「どうしたの?」
「い、いや、その…○○子さんが…アンドロイドだったなんて…」
「ふふ…今の世の中、そんなに珍しいかしら?」
「そりゃまぁそうですけど。」
△郎は手にしていた○○子さんの足を床に置いた。一見正常に見える膝関節部の中には、幾度となく火花を散らしたのであろう、焦げたパーツが点在している。
「△郎君、本当にありがとう。あなたに足を直してもらえなかったら、明日から仕事にいけなくなっちゃうところだったから」
「仕事、そんなに辛いんですか?」
「うん、基本立ち仕事だから」
「…他の関節、大丈夫ですか」
「流石ね…プロの目はごまかせないわ」
「茶化さないでください。それに…もう昔の話ですから」
「ごめんね」
「気にすることありませんよ。それより、他の部分を…ッ!!!?:
俯いていた視線を上げると、そこにはブラウスをはだけたさせた○○子がいた。するりとブラウスを脱ぎ去った後には、純白のブラジャーが残っているだけだ。アンドロイドの中でも最高級とうたわれているであろうSクラスの素体は、艶かしい鎖骨のラインまで完全に再現している。
「あら? 女の子の裸、見るの始めて?」
「そ、そんなこと知りませんから!! って、なんで裸になるんですか!?」
「さっきこけたとき、右肩をうっちゃったみたいなの。元々調子悪かったのに、とどめさしちゃったみたいで…」
目をこらしてよくみると、右肩が小刻みに震えている。肩を打った衝撃で内部の配線が外れたのか、それともショートしたのか? いずれにせよ、肩甲骨ユニットまで取り外し、原因の切り分けをする必要があった。
「…背面の右肩甲骨ユニットを外さないと駄目です。あの、ぶ、ぶ、ぶ、ぶら…」
「構わないわ、あなたが外しても。今の私の手だと、どうせうまく外せないから」
「わかりました…」
女性の下着を脱がせたのは、これが初めてではない。むしろ、この型の下着は手慣れたもので、今では目を瞑っていても外す自信がある。

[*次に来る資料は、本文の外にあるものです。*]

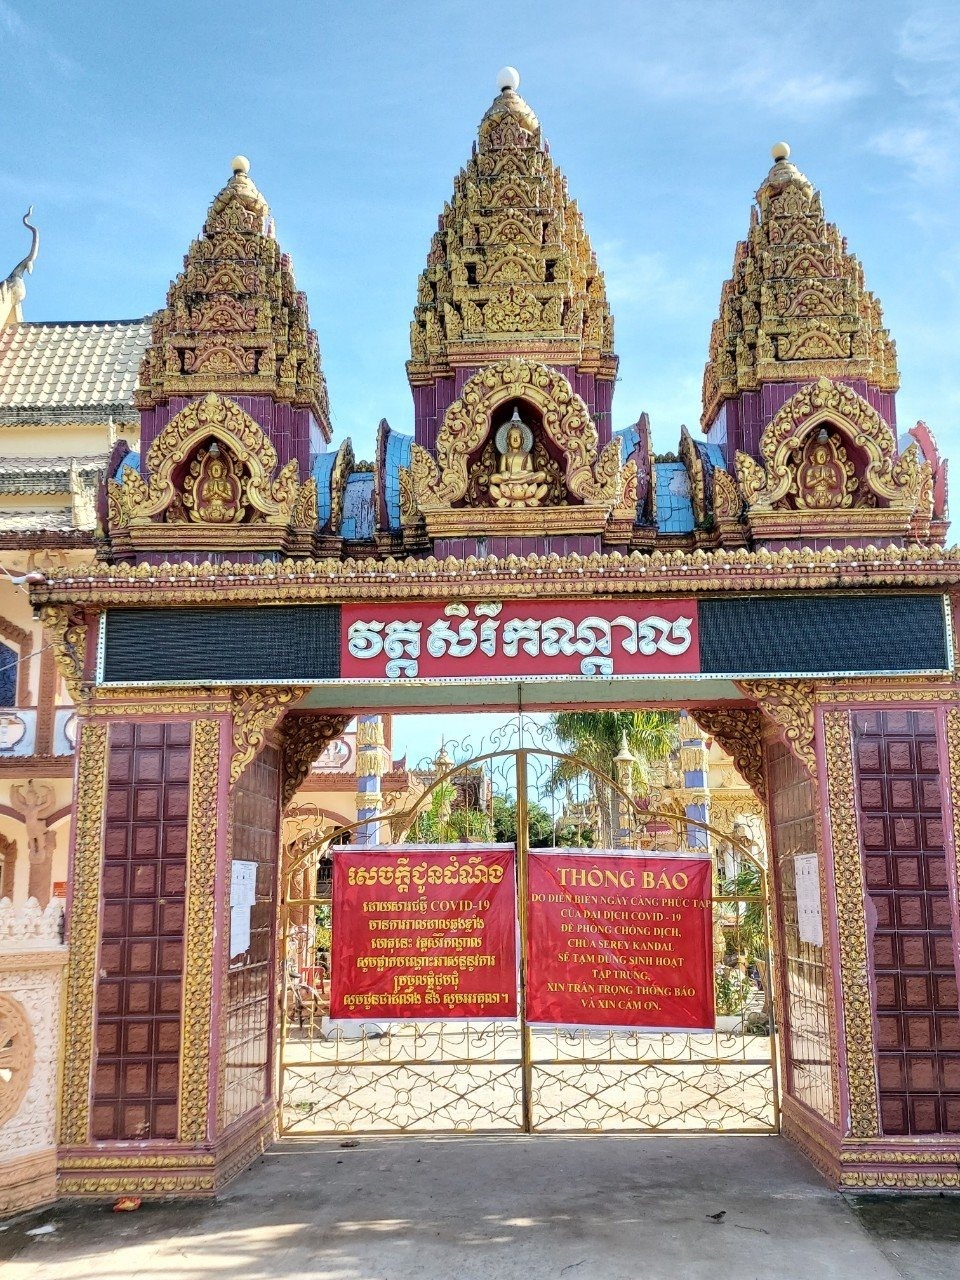 Tại vùng ĐBSCL, 2 tỉnh Trà Vinh và Sóc Trăng có tỉ lệ đồng bào Khmer chiếm hơn 30%. Riêng tỉnh Trà Vinh có dân số hơn 1 triệu người, trong đó gần 32% là đồng bào Khmer. Năm nay, do ảnh hưởng của dịch COVID-19, Hội Ðoàn kết sư sãi yêu nước tỉnh này đã thông báo, yêu cầu Hội Ðoàn kết sư sãi yêu nước 8 huyện, thành phố, các vị sư cả, Ban quản trị, chư tăng và phật tử 143 chùa Phật giáo Nam tông Khmer trong tỉnh tinh gọn các nghi lễ, hạn chế một số hoạt động không cần thiết để phòng, chống dịch, bảo vệ sức khỏe của bản thân và cộng đồng.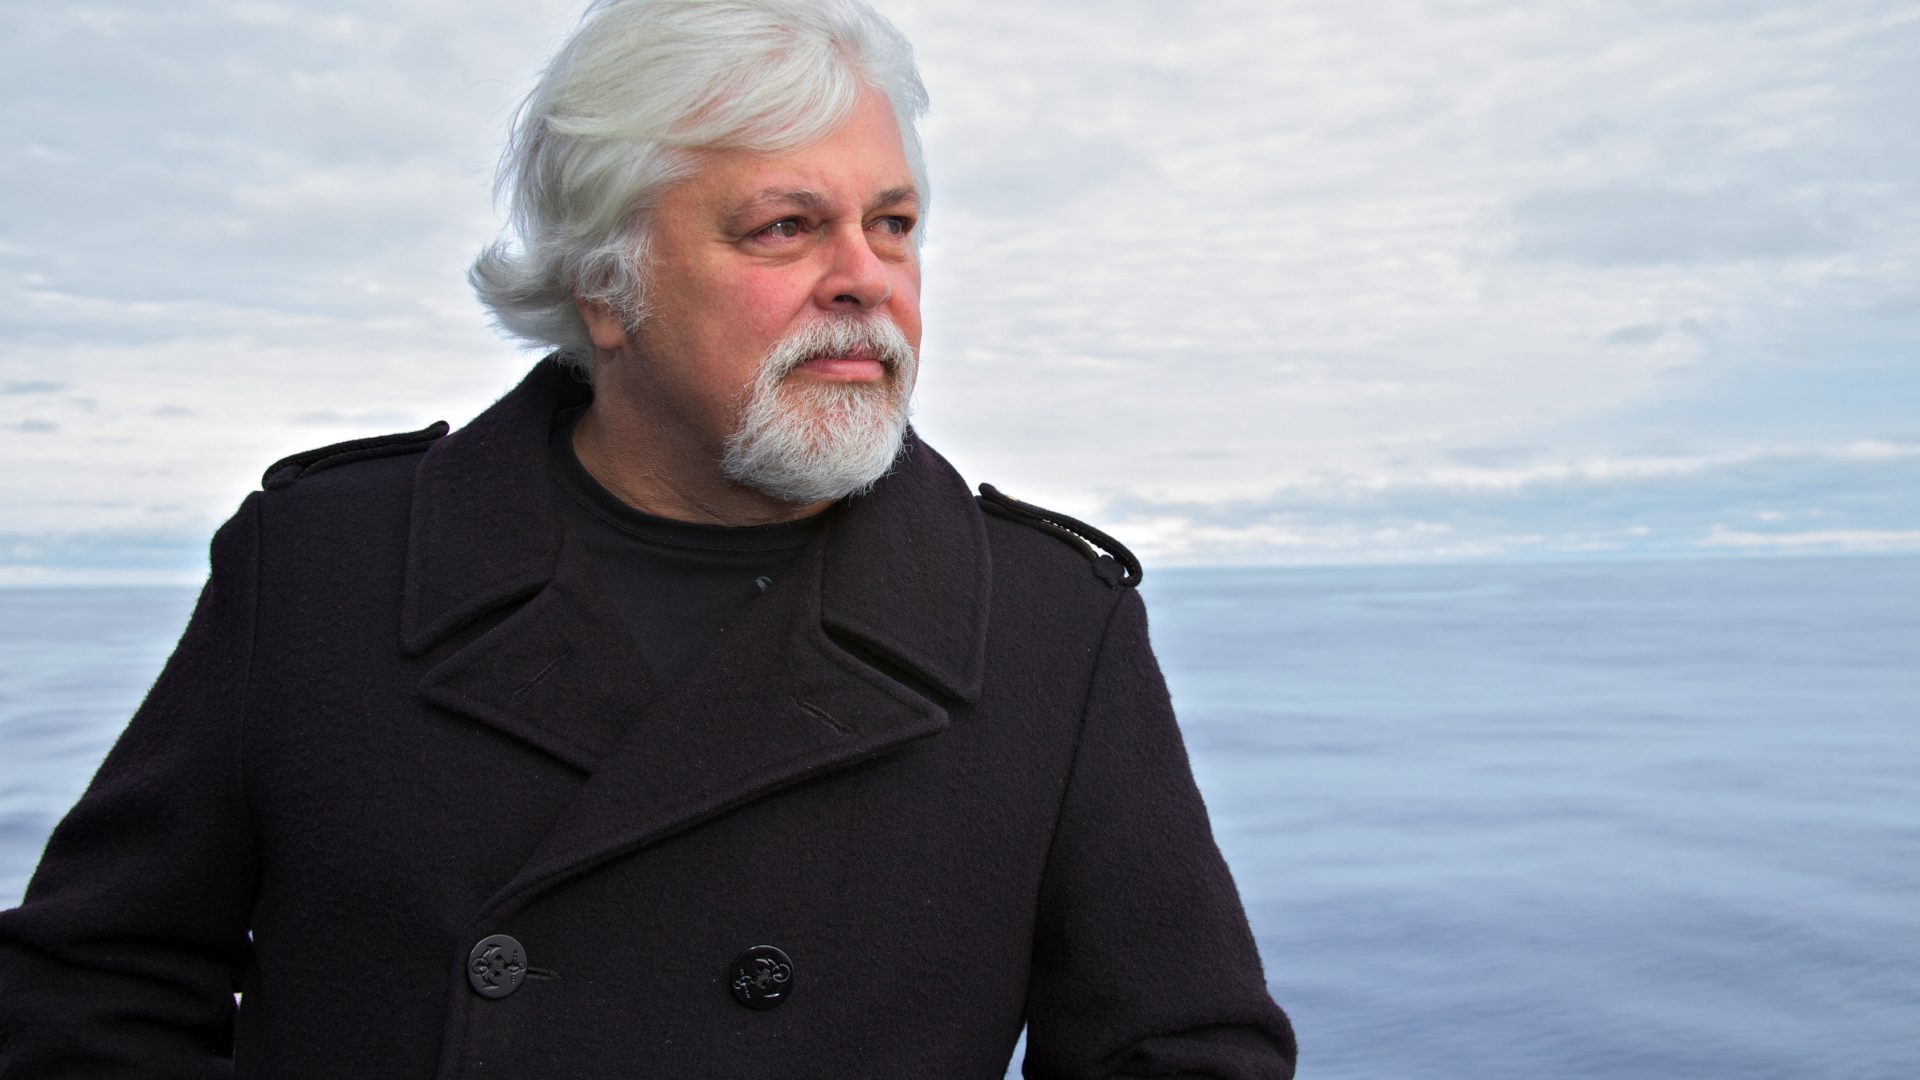 Gute Nachrichten von Captain Paul Watson: Nach 40 Monaten kehrt der Meeresaktivist in die Führung von Sea Shepherd zurück!

「背面パネルを開けます。しばらく右肩から先の感覚がなくなりますけど、我慢してください」
「うん。ところで、△郎君、ちょっと聞きたい事があるんだけど…いい?」
「僕が答えられる範囲なら」
特殊工具を使い、○○子さんの背面パネルを開けた。人肌と見分けがつかない外見からは想像できない金属製のフレームと、そこに絡み付くように張り巡らされている特殊繊維製筋肉、人間の神経に相当する微細な配線が現れる。
「あたしの素体(からだ)、Sクラスなのは見てわかるでしょ」
「…はい」
人間と同じように、肩甲骨ユニットの裏へ張り付いている筋肉を工具でかき分け、フレームに接続されている部分から外す。特殊工具を使い、ユニットを固定しているボルトと軟質ファスナーを丁寧に外して行く。
「このクラスになると、メンテナンスが出来る技術者は限られてくるのよね」
「…」
「それに…この設備、予備パーツの数。△郎君、君ってまだこの仕事を続けたいとか思ってるんじゃない」
「!」
僕は思わず手を止めてしまった。そして、○○子さんにバレないよう、視線を押し入れにそっと移した。
彼女の推測は当たらずとも遠からず。でも、正解を言う訳にはいけなかった。あの押し入れの奥にある、”もう一人の○○子さん”の存在を知られては非常にまずい。そもそも、まさか○○子さんが本当にアンドロイドだったことを知ったのは、つい1時間程前の事だったのだから。
「ふふ…図星?」
「そういうことにしといてください」
止まっていた手を強引に動かし、肩甲骨ユニットを○○子さんの右肩から引き抜いた。
「…ひゃんっ!!」
「す、すみません!!」
「もう、変なとこの配線に触らないで」
僕の中指に微妙に引っかかった配線、あれは多分…右胸から伸びてるセンサー系だ。僕は思わず顔を赤らめた。